The Only Category Where Active Might Win: ELSS in Specific Periods
In 2024, ELSS funds showed 45% underperformance (55% outperformance)—the only category where majority of active funds beat benchmarks.
Why? According to SPIVA: ELSS funds tilt toward smaller-cap stocks. In 2024, small-caps outperformed large-caps, creating outperformance opportunity.
Caveat: This is temporary. Over 10 years, 87% of ELSS still underperform.
Actual Returns: What Investors Actually Got
From SPIVA Report - 10-Year Average Returns (Equal-Weighted):
Category | Benchmark Return | Average Active Fund Return | Underperformance |
Large-Cap | 13.75% | 12.03% | 1.72% |
ELSS | 14.56% | 12.49% | 2.07% |
Mid-/Small-Cap | 19.41% | 13.58% | 5.83% |
Translation:
Large-cap investors who used active funds got 1.72% less annually
ELSS investors got 2.07% less annually
Mid/small-cap investors got 5.83% less annually
Over 10 years at these rates:
₹10 lakh in large-cap index: ₹35.61 crore
₹10 lakh in large-cap active: ₹31.88 crore
Loss: ₹3.73 crore from underperformance
Verdict by Category
Category | Verdict | Recommendation |
Large-Cap | 73-74% underperformance | Use Nifty 50 index fund |
ELSS | 87% underperformance (10-yr) | Use index fund or carefully selected active |
Mid-/Small-Cap | 82% underperformance | Use index fund or top-quartile active |
Composite Bond | 98.5% underperformance | Use bond index or bank FDs |
Govt Bonds | 82% underperformance | Use bond index or bank FDs |
Your Evidence-Based Action Plan
Start here (Passive Portfolio):
60% Nifty 50 Index Fund (0.05-0.12% ER)
Guaranteed to beat 73-74% of large-cap active funds
Why: Large-cap is efficiently priced
20% Nifty Next 50 Index Fund (0.08-0.15% ER)

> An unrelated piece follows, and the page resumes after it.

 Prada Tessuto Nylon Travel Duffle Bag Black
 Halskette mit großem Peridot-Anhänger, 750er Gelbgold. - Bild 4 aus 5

Beats majority of mid-cap active funds over 10 years
Why: Lower concentration than Nifty 50
15% Nifty Smallcap 50 Index Fund (0.10-0.20% ER)
Outperforms 82% of active small-cap funds
Why: Active managers can't consistently outperform small-cap either
5% Liquid Fund or Bank FD (5-6.5% return)
Emergency buffer and stability
Expected return: ~13-14% CAGR (beats 73-82% of active fund portfolio returns)
If You Must Use Active Funds
Only if:
Beats benchmark 6-8 of last 10 years (consistent outperformance, not luck)
Outperforms by 1%+ annually after fees (not just 0.2%; within luck margin)
Expense ratio below 1% for equity (higher makes beating benchmark nearly impossible)
Same manager 5+ years (verify manager built the track record, not inherited it)
Portfolio share max 20-30% (don't concentrate; fund selection risk is real)
Only allocate to active in mid-cap/small-cap where SPIVA shows more dispersion.
The Bottom Line: What SPIVA India Proves
Verified by official SPIVA data:
Large-cap: 73-74% of active funds underperform over 10 years → Use passive
ELSS: 87% underperform over 10 years → Use passive
Mid/small-cap: 82% underperform over 10 years → Use passive
Composite bonds: 98.5% underperform over 10 years → Use passive or FDs
Govt bonds: 82% underperform over 10 years → Use passive or FDs
Fund survivorship: 30% of funds disappeared over 10 years (actual underperformance worse than data shows).
Performance persistence: Weak (past winners don't repeat).
Fund selection risk: High—huge gap between top and bottom quartile.